Exercise details: Set down the data again exactly. Pictures are not part of the copy.

Data excerpt:
════
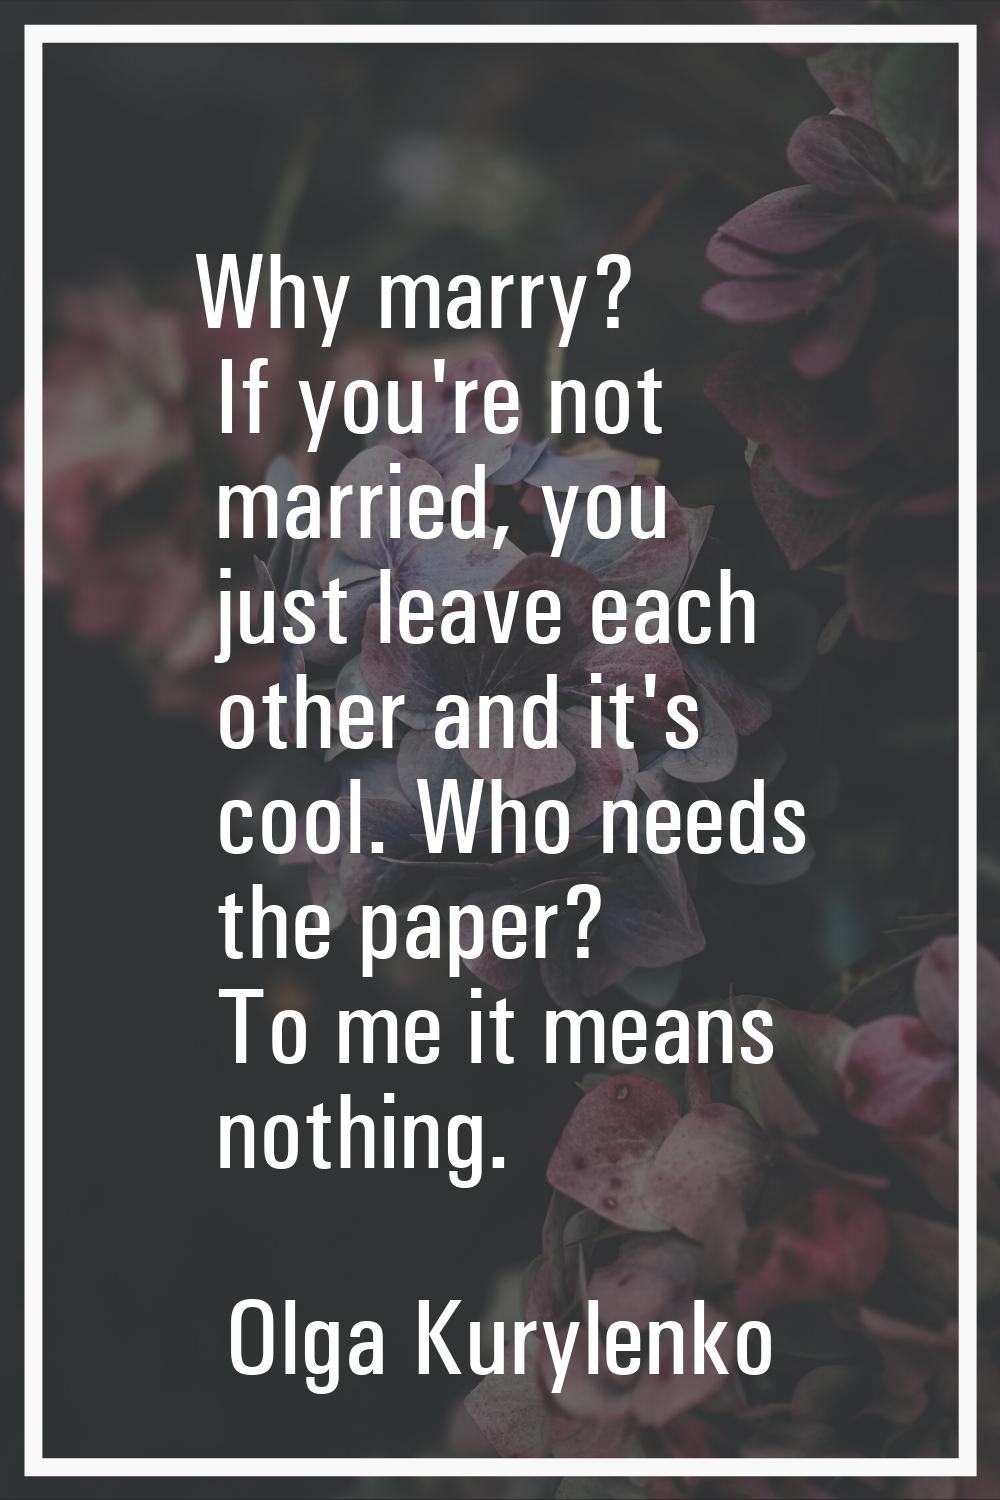 Why marry? If you're not married, you just leave each other and it's cool. Who needs the paper? To 
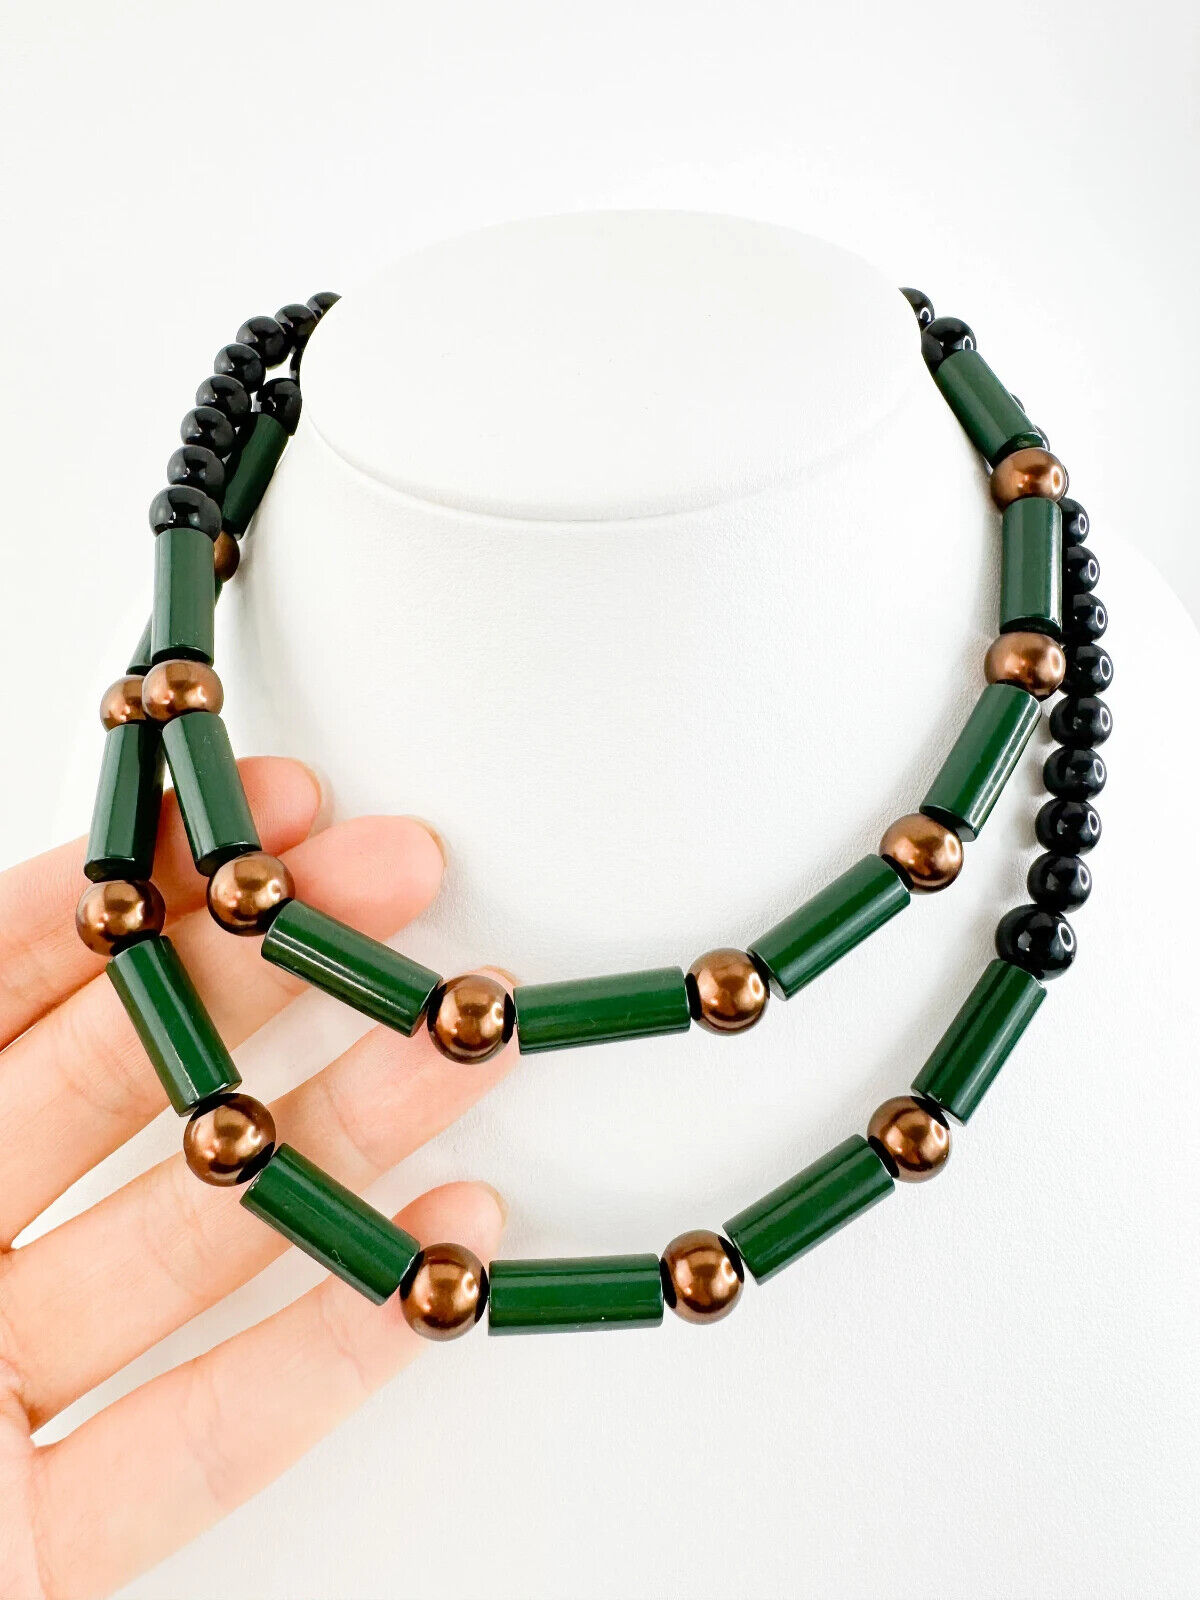 Vintage YSL Yves Saint Laurent Necklace, Beaded Necklace, Emerald Green Long Necklace, Jewelry for Women, Necklace Large, Gift for Mom
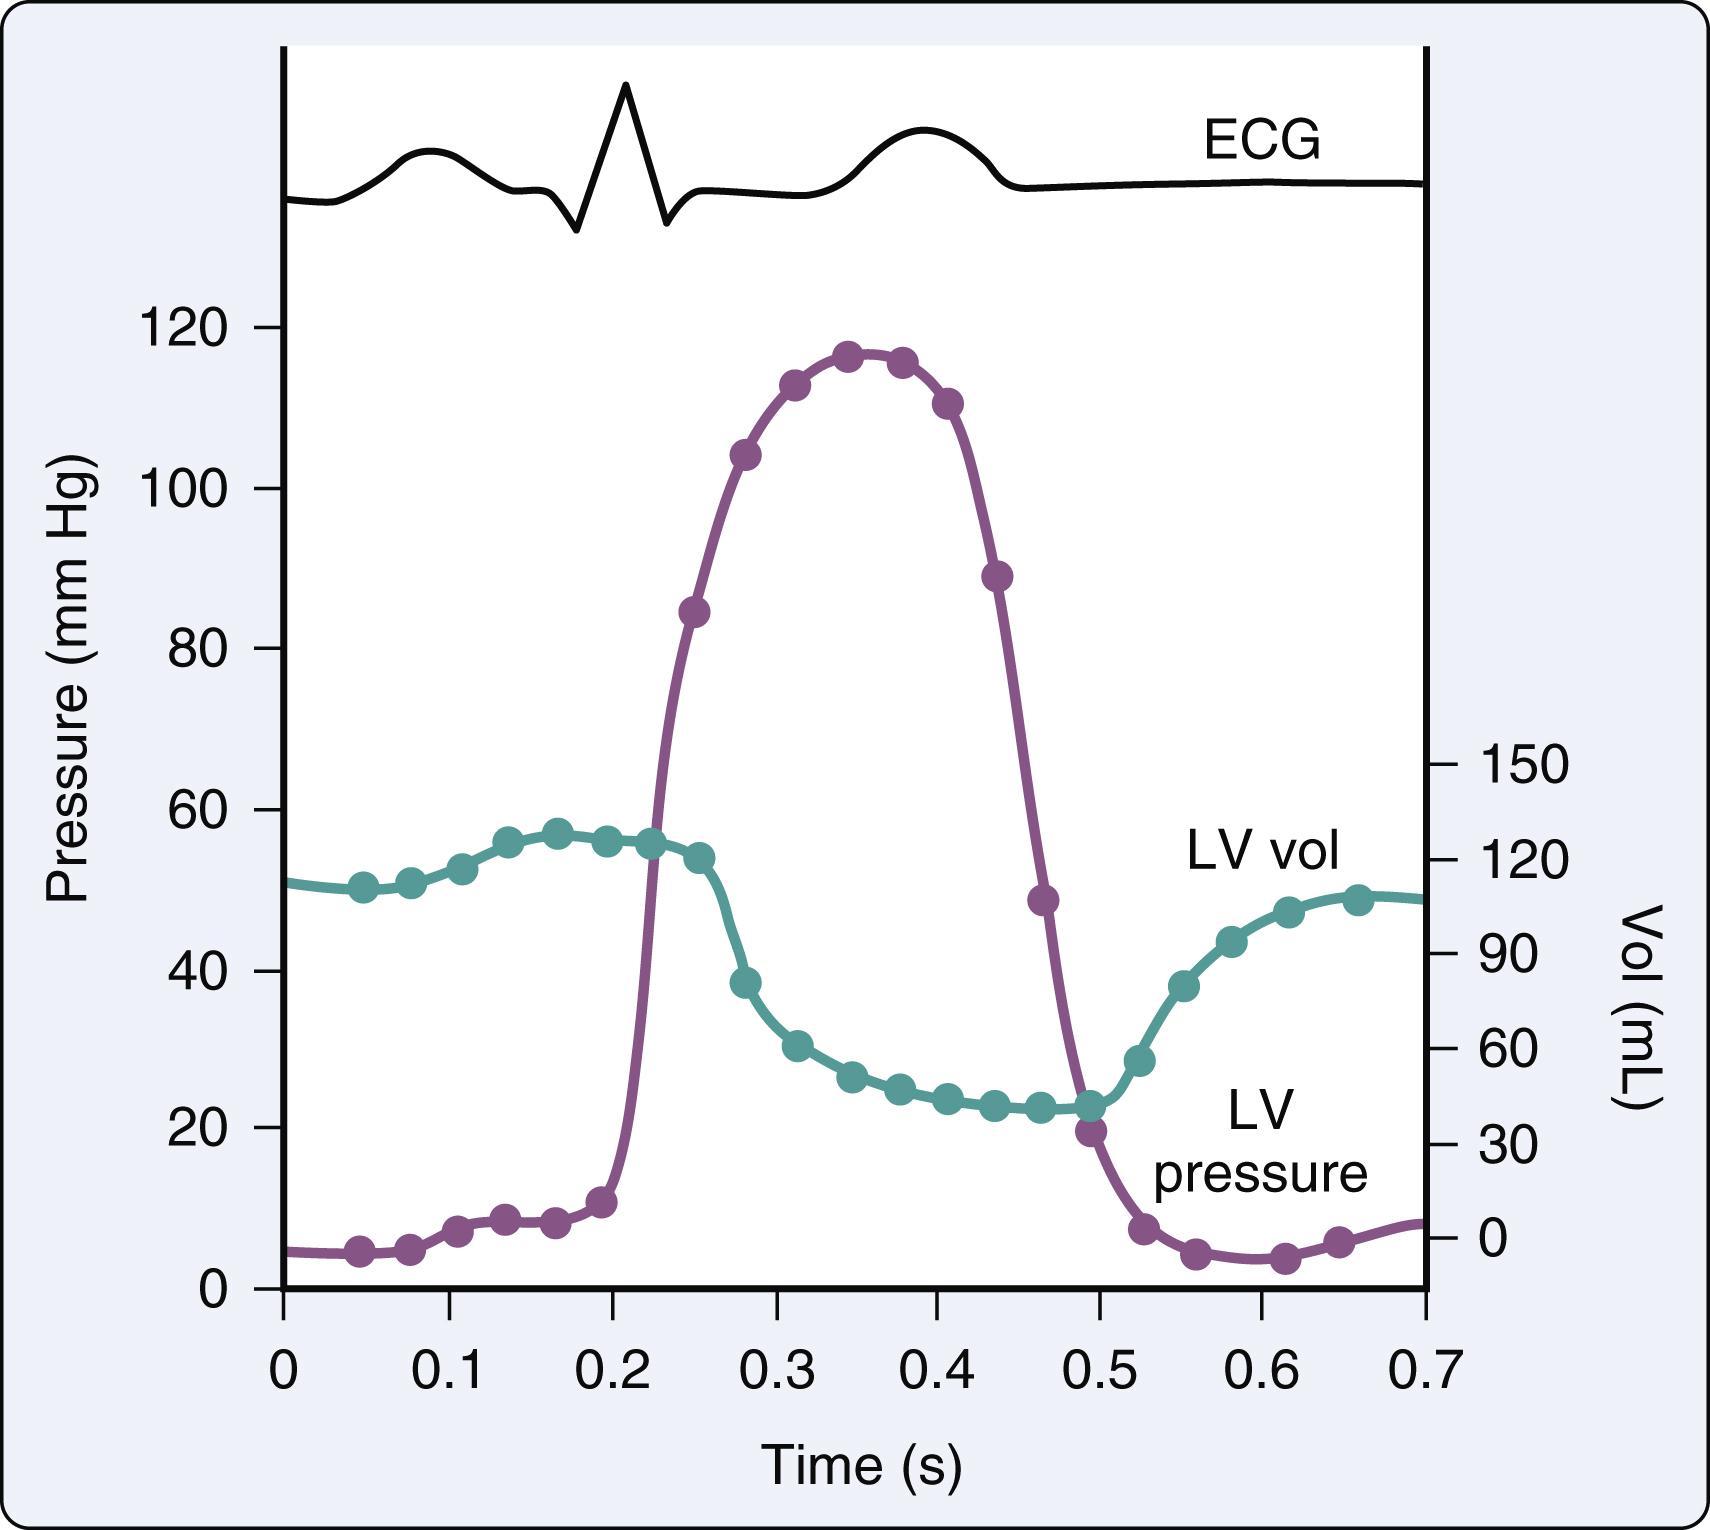 Figure 15.1, Simultaneous left ventricular (LV) volume and pressure during one cardiac cycle. ECG , Electrocardiogram.
════
Output of the task:
 Why marry? If you're not married, you just leave each other and it's cool. Who needs the paper? To 
 Vintage YSL Yves Saint Laurent Necklace, Beaded Necklace, Emerald Green Long Necklace, Jewelry for Women, Necklace Large, Gift for Mom
 Figure 15.1, Simultaneous left ventricular (LV) volume and pressure during one cardiac cycle. ECG , Electrocardiogram.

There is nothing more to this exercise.